◆ **TASK TO COMPLETE**
Pictures stay out, but every line of the data is copied exactly.

[DATA EXCERPT Boundary: Start]

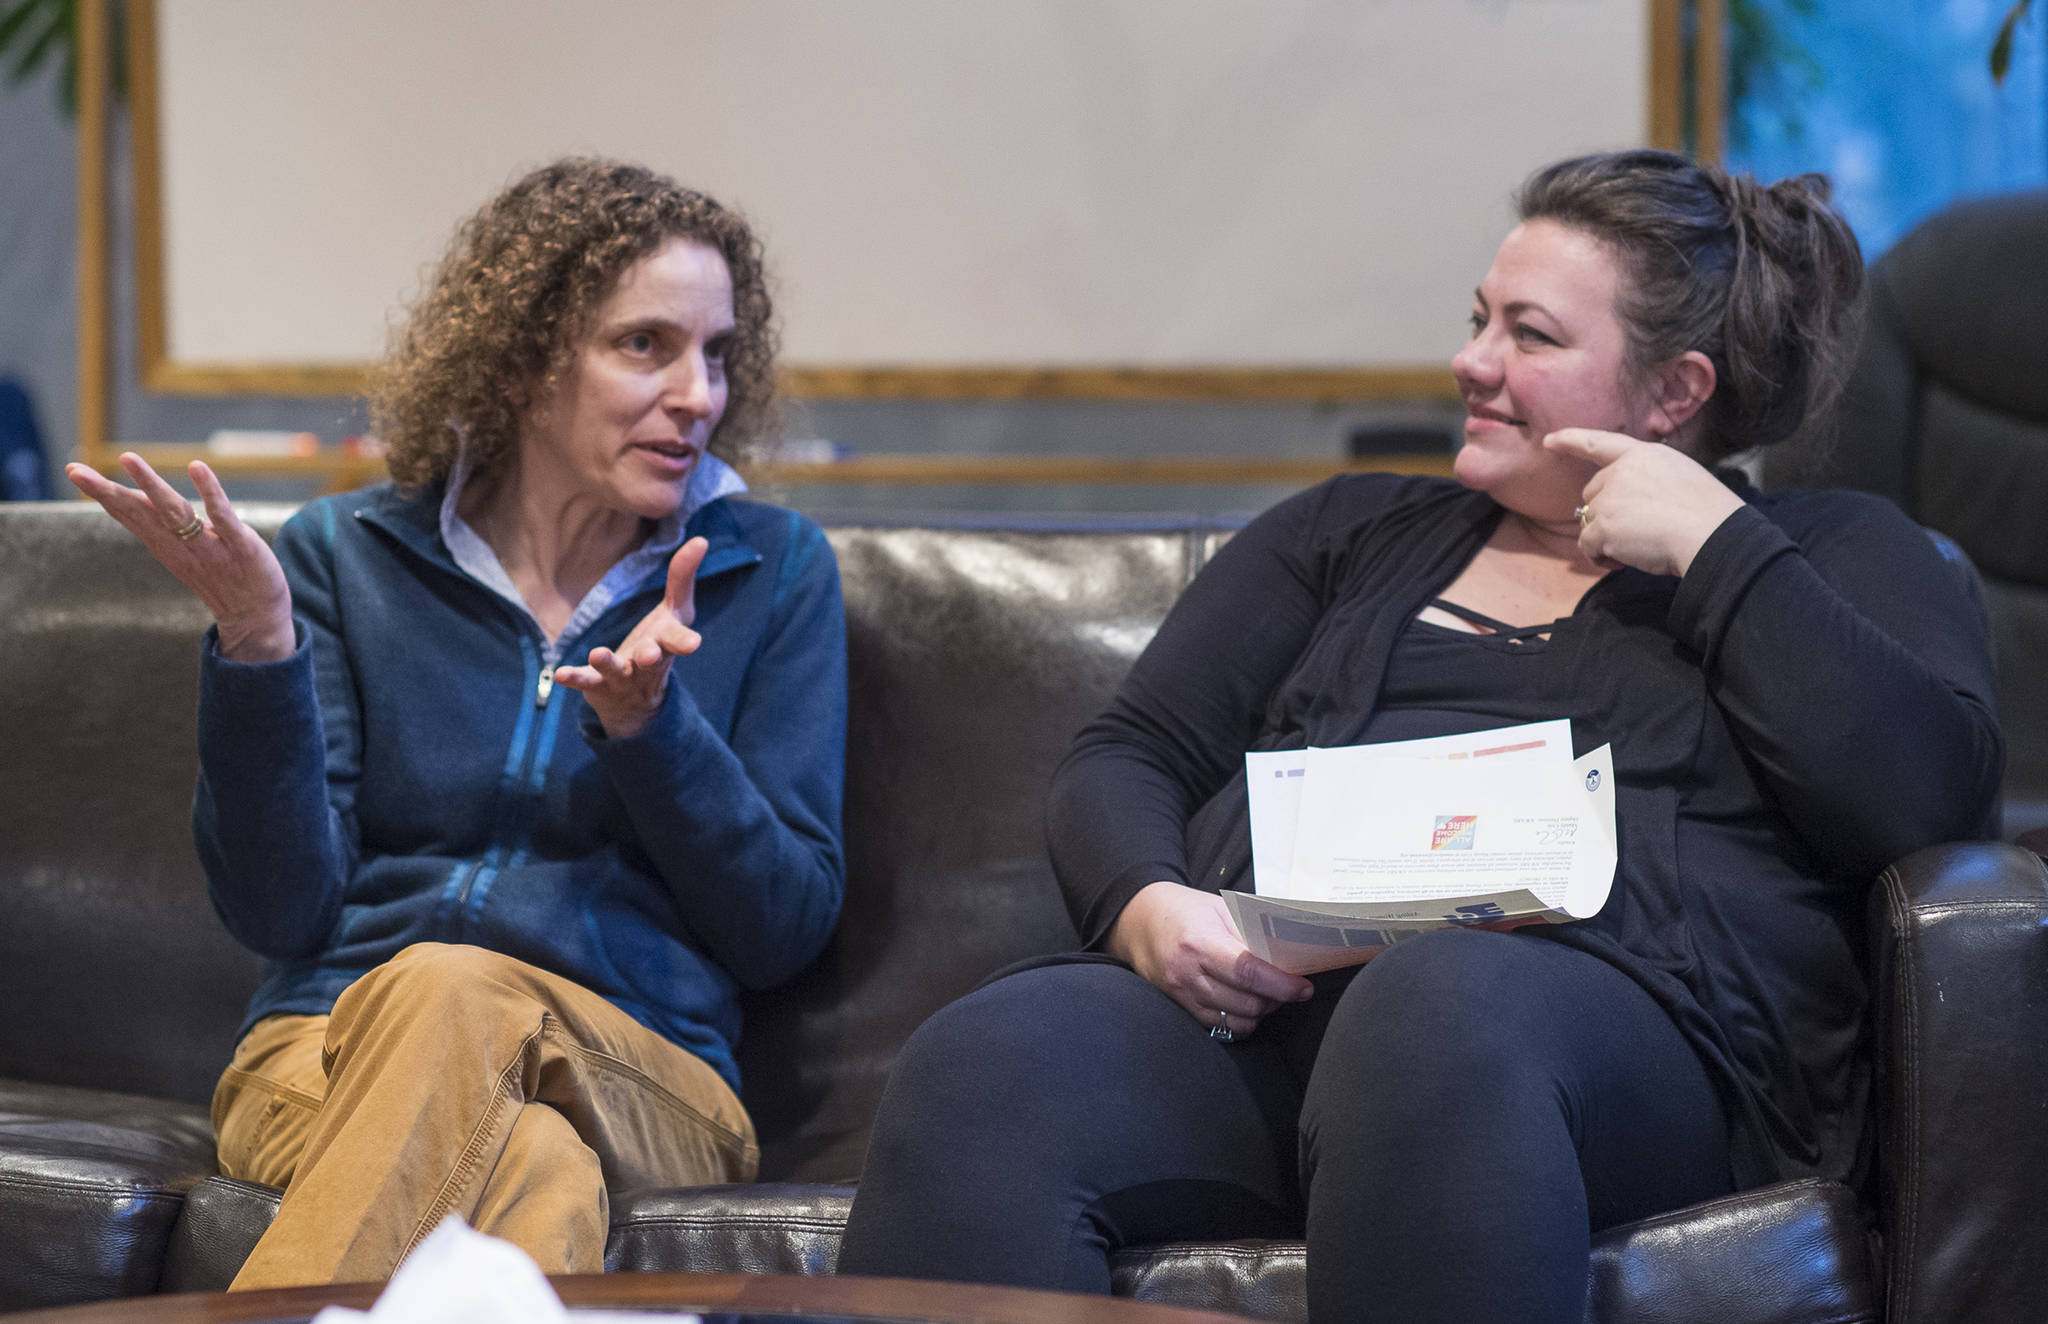 AWARE Executive Director Saralynn Tabachnick, left, and Deputy Director Mandy O’Neal Cole talk about the shelter becoming gender inclusive during an interview on Monday, Dec. 11, 2017. (Michael Penn | Juneau Empire File)
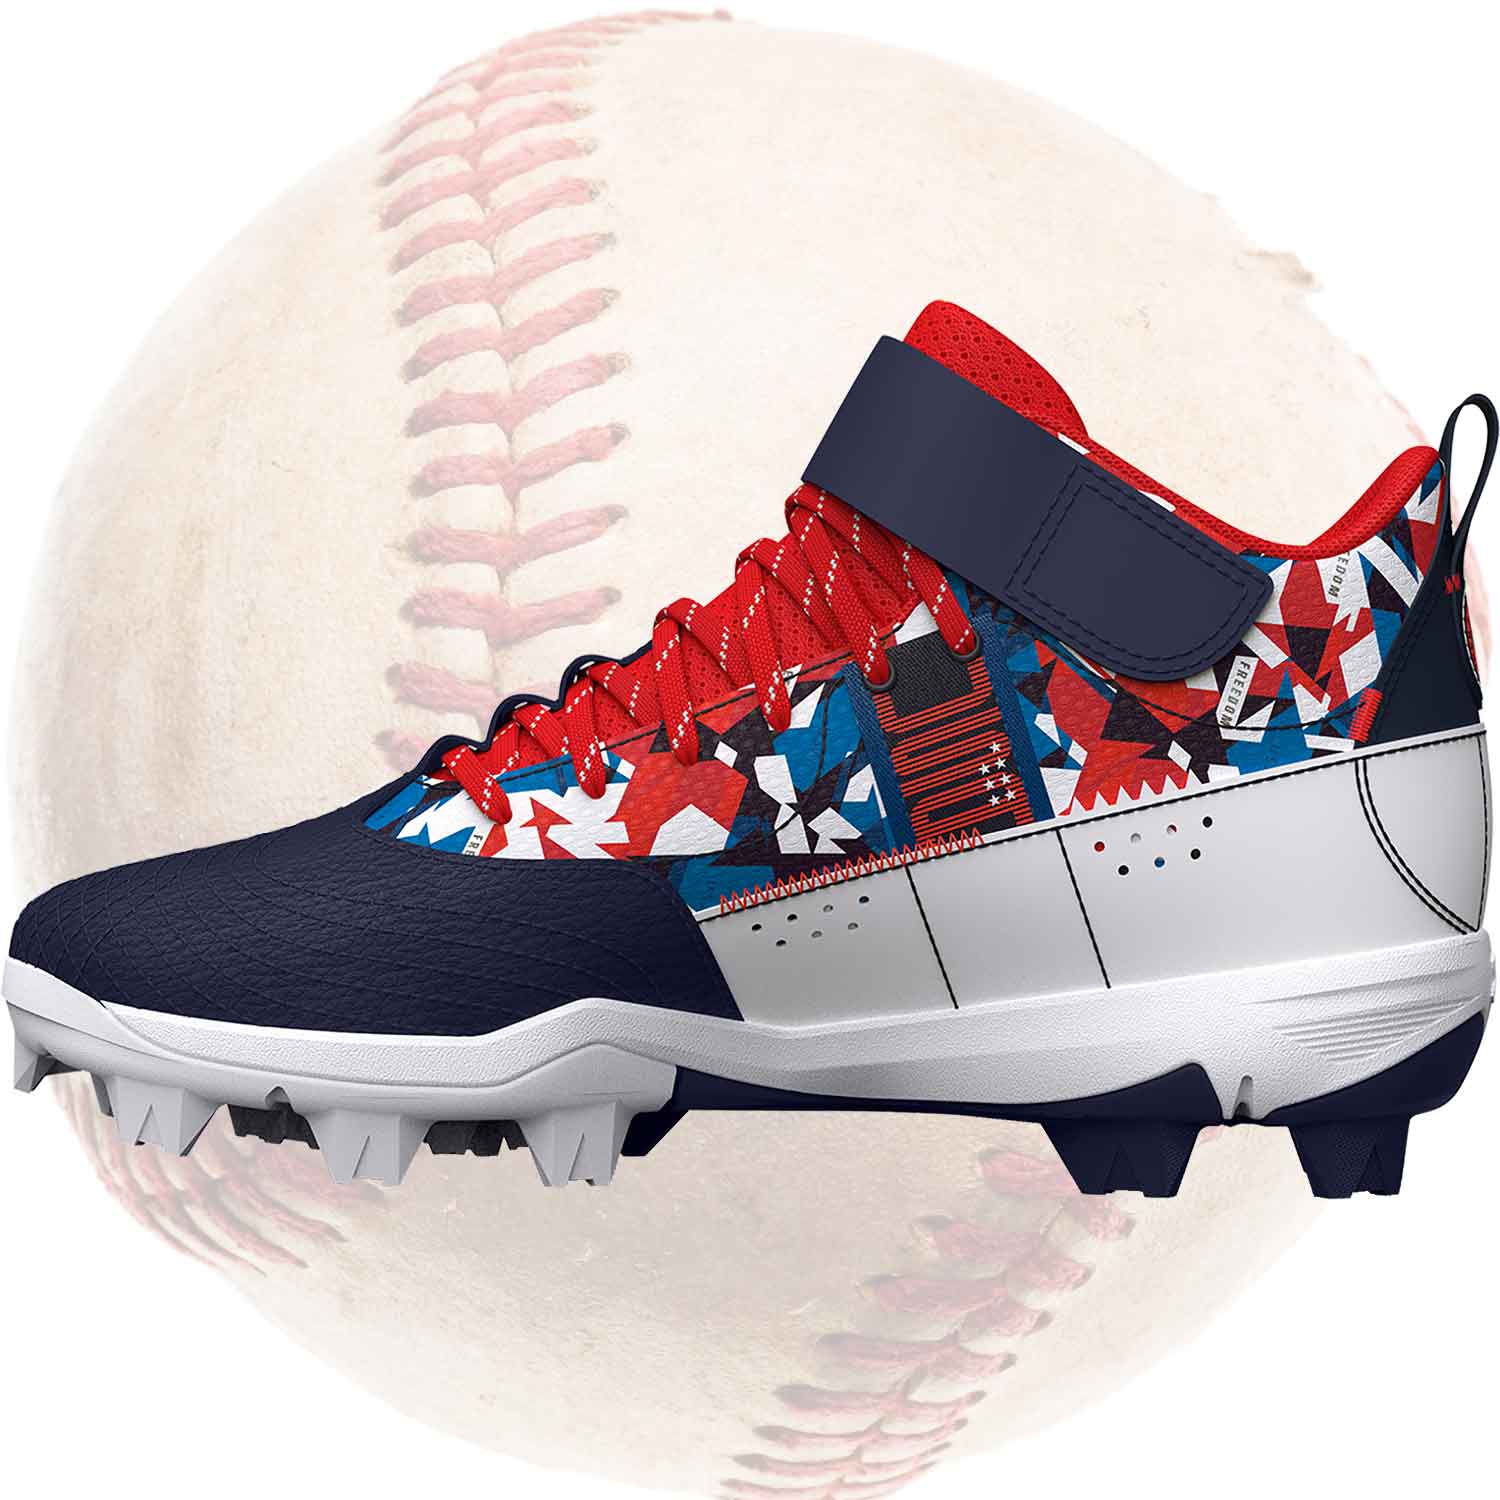 Under Armour Harper 7 Mid USA RM Jr Youth Kids Baseball Cleats
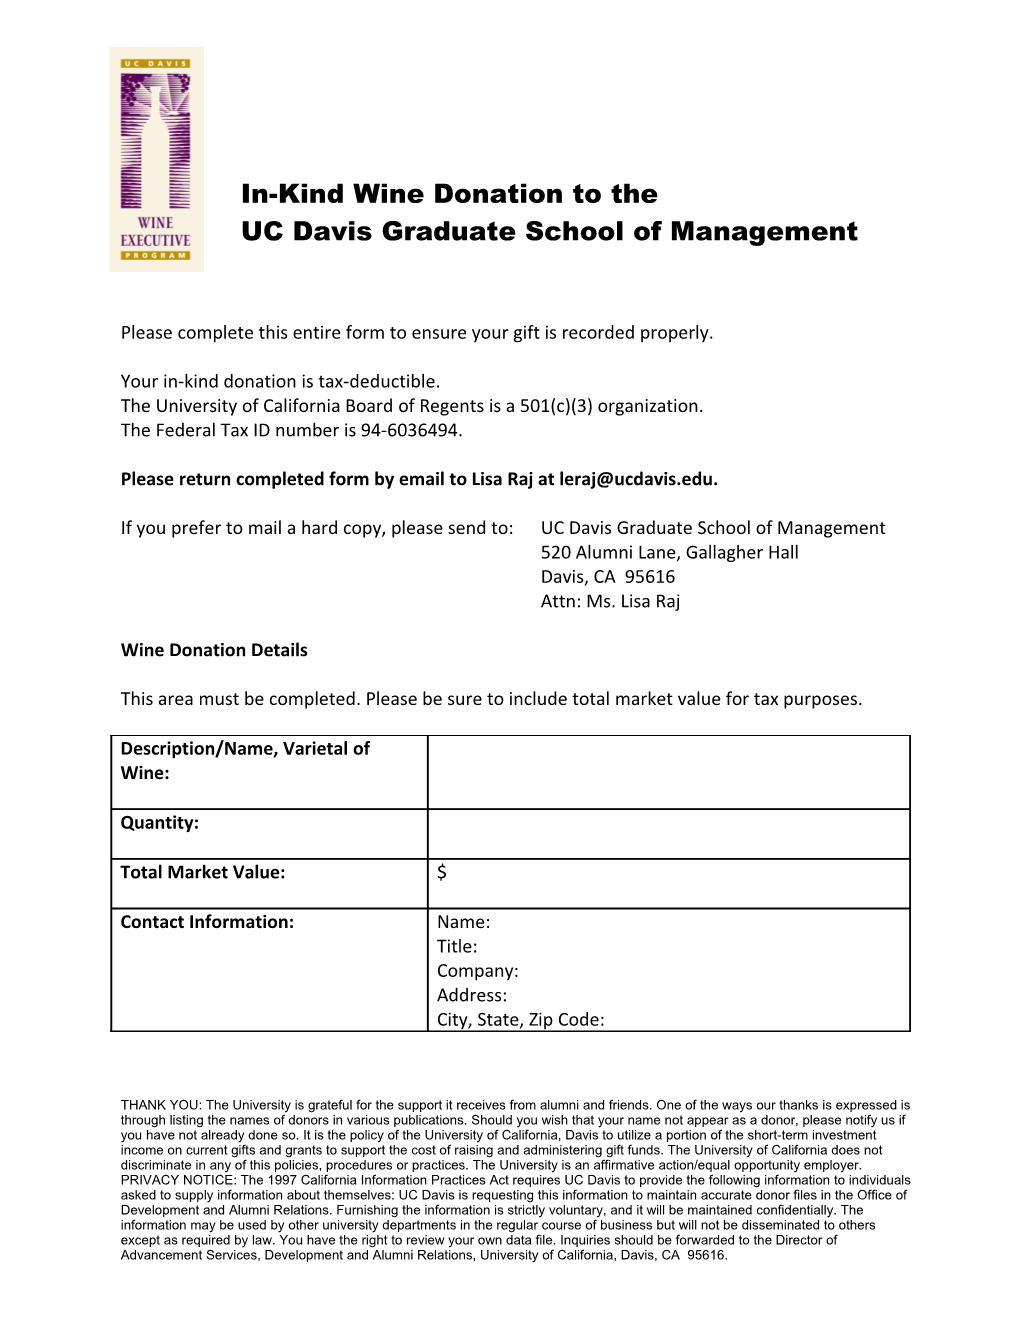 In-Kind Wine Donation to the UC Davis Graduate School of Management

[DATA EXCERPT Boundary: End]

◆ **EXERCISE ANSWER**
 AWARE Executive Director Saralynn Tabachnick, left, and Deputy Director Mandy O’Neal Cole talk about the shelter becoming gender inclusive during an interview on Monday, Dec. 11, 2017. (Michael Penn | Juneau Empire File)
 Under Armour Harper 7 Mid USA RM Jr Youth Kids Baseball Cleats
 In-Kind Wine Donation to the UC Davis Graduate School of Management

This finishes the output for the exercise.